Apart from family events like weddings, Asha and other Nubian doctors and professionals visit Kibra most weekends as mentors and role models for young boys and girls, focusing on education and economic development.

“Each day, I want to be part of that journey that brings change in Kibra and among the Nubian community. Education is a major challenge that we are currently tackling through mobilizsation of bursaries,” says the mother of six, two biological children and four adopted.

Kenya Red Cross Secretary General Dr. Asha Mohammed during an interview in Kibra. [David Gichuru, Standard]

Looking out for the boy child

Asha grew up when the girl child was the one who needed support to rise up the socioeconomic ladder. Today, it’s the boy child who has been neglected. She is now worried the empowered girl may not have an empowered boy to match up.
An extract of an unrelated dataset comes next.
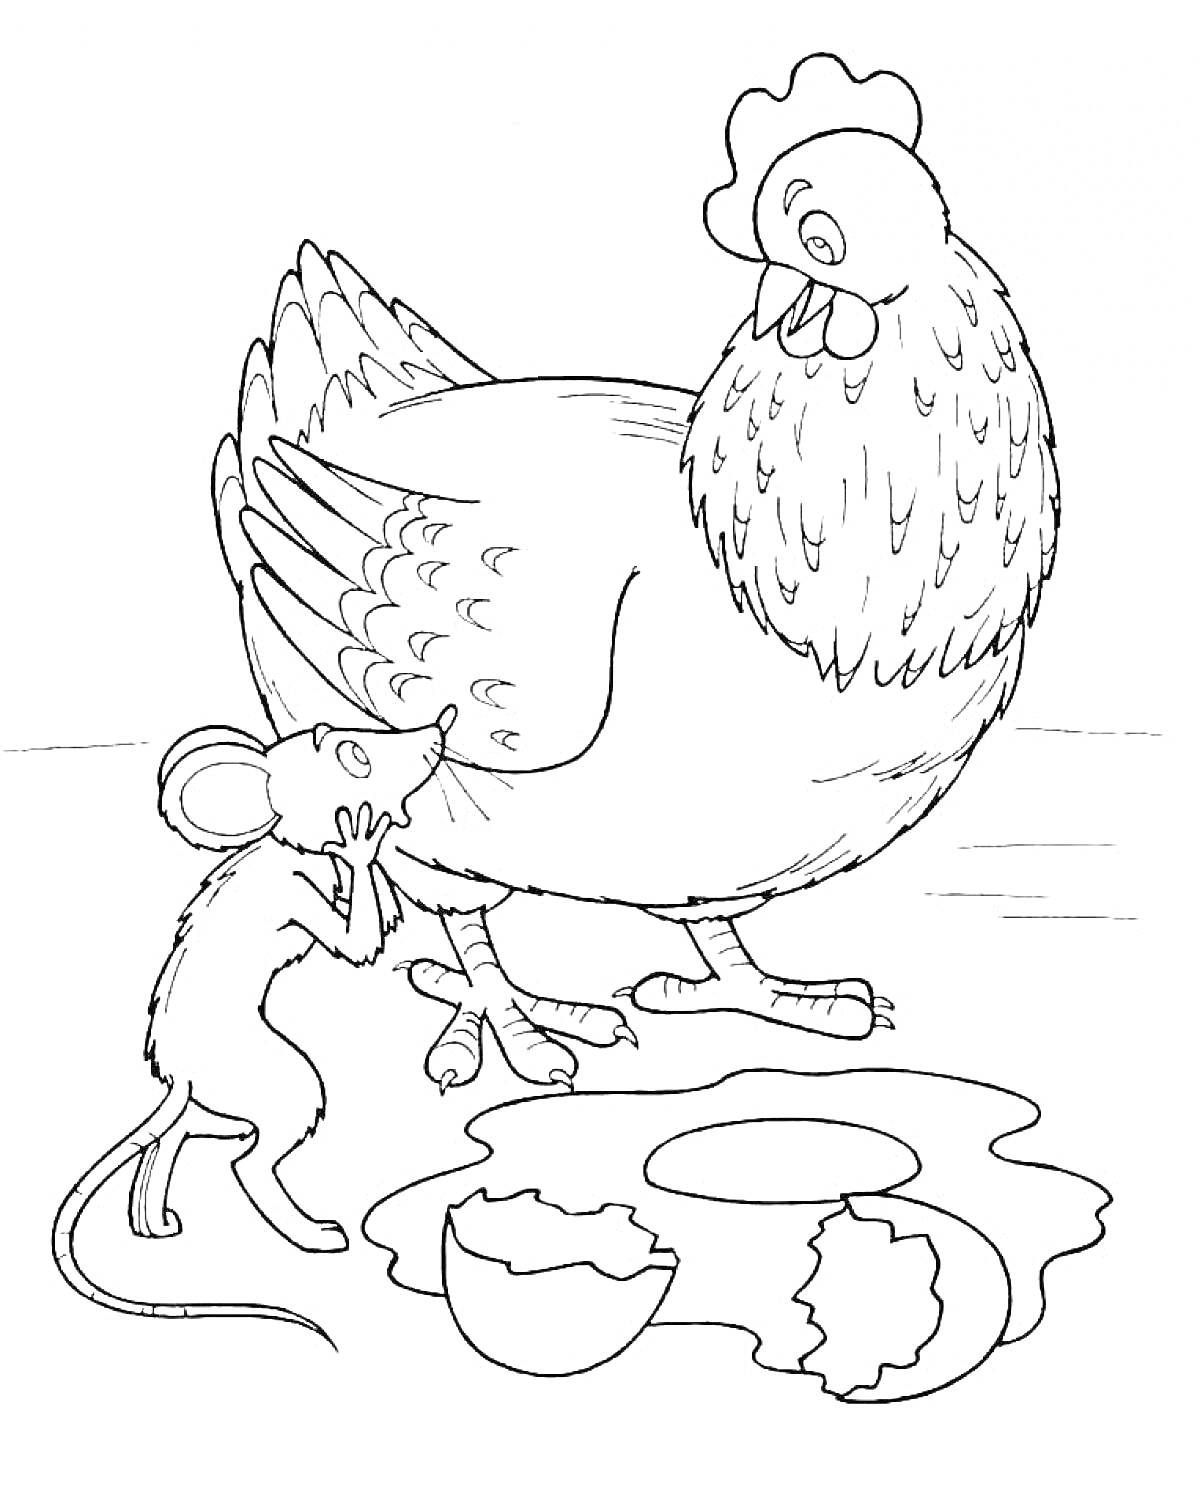 Курица и мышка рядом с разбитым яйцом

This scenario came alive when she visited a remote part of Turkana County on a mission to sensitise girls. She noticed a group of teenage boys who had isolated themselves from the rest. On enquiry she was told “sisi ni ndege wa Mungu” (we are God’s birds) to mean society had left them to their own devices.

This was particularly eye-opening considering it was the men in her life who had been her biggest cheerleaders without whom she would not be standing at the helm of the famous humanitarian organisation.

“Men in my life encouraged and shaped my personality and the reason I feel challenged to improve the lives of boy child who seem to have been overshadowed by girls. We can only raise a responsible generation, through empowerment of both girls and boys,” says Asha, who adds that her husband has been a key pillar in her career.

After she enrolled back in school, he took care of their daughters, something that was alien in the patriarchal society into which she was born.